BP's Russian venture unveiled a surprise bid on Friday for a $9 billion stake in state-controlled oil firm Rosneft, just as its top executives arrived in Moscow to meet President Vladimir Putin.
TNK-BP, co-owned by BP Plc and a group of Russian billionaires, said it would bid next week for a 9.44 percent stake in Rosneft, the first lot in an auction of assets of bankrupt oil firm Yukos. "We are bidding to win," TNK-BP spokesman Alexander Shadrin said before Putin met BP Chief Executive John Browne and his successor, Tony Hayward.
Putin holds sway over the fate of major Russian oil projects, and the blessing of the Kremlin chief is regarded as a necessity for any strategic deal to stick. "This private company is actively developing in Russia, where it has increasing reserves, production and profits," Interfax news agency quoted Putin as saying at the meeting.
Browne said BP planned to broaden its activities in Russia and its partnership with leading Russian energy firms. The Kremlin has taken over key oil and gas assets over the last three years at the expense of foreigners and billionaire "oligarchs". Speculation is rife that Putin will make TNK-BP's Russian partners an offer they can't refuse, allowing Rosneft or gas monopoly Gazprom to buy them out.
Energy analysts were caught off guard by TNK-BP's bid and wondered whether it was merely a ploy to curry favour by making up the numbers at the auction, which needs at least two bidders to be valid, and which Rosneft is widely tipped to win.
TNK-BP denied mounting a dummy bid: "We're going into it seriously," said Peter Henshaw, vice-president for communications. "It's about building stronger relationships and acquiring a strategic asset." TNK-BP plans to fund the bid from its own resources and with cash from its owners - BP and the Russian billionaires.
A spokesman for Yukos's receiver confirmed that more than one bid had been registered, and a source close to the process said TNK-BP had put up a deposit of about $1.5 billion.
Rosneft did not comment on TNK-BP's bid, but said Rosneft president Sergei Bogdanchikov had met Browne on Friday to discuss co-operation on projects and in shareholdings. Browne did not see Gazprom's bosses, having met them earlier this month.
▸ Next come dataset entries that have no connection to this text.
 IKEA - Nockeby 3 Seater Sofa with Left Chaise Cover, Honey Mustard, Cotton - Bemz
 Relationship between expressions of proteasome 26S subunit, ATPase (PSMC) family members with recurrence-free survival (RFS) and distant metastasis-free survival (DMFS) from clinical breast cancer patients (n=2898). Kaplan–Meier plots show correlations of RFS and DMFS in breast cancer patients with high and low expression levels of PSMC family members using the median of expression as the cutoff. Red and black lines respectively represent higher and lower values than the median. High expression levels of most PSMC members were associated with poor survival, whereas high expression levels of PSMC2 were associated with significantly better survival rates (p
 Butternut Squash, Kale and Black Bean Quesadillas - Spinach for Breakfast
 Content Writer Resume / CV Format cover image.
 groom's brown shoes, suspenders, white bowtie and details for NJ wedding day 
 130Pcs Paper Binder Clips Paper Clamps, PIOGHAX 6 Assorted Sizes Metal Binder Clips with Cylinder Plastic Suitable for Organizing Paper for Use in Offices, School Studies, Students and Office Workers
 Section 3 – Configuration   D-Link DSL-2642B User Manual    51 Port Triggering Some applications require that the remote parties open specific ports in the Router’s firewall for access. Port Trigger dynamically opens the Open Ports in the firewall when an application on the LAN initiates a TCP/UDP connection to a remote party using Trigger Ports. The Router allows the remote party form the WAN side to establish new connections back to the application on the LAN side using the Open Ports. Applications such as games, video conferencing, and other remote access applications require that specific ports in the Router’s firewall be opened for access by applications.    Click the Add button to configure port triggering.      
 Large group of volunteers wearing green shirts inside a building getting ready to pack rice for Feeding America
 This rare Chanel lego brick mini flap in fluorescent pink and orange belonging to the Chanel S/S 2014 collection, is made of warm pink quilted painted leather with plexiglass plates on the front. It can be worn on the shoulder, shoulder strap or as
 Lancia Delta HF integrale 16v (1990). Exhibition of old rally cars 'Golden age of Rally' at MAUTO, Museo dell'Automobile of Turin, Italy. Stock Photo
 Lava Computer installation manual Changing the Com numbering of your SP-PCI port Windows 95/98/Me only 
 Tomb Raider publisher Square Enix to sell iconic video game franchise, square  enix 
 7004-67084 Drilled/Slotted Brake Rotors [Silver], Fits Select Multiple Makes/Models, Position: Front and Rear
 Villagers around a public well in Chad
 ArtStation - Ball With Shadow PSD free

Rosneft has already lined up a $22 billion jumbo loan from eight Western banks to buy assets from Yukos, whose former main owner Mikhail Khodorkovsky is serving eight years in a Siberian jail following a conviction for fraud. Yukos shareholders say the Kremlin brought down Yukos to punish Khodorkovsky for his political ambitions. They have promised to sue to anyone buying its assets.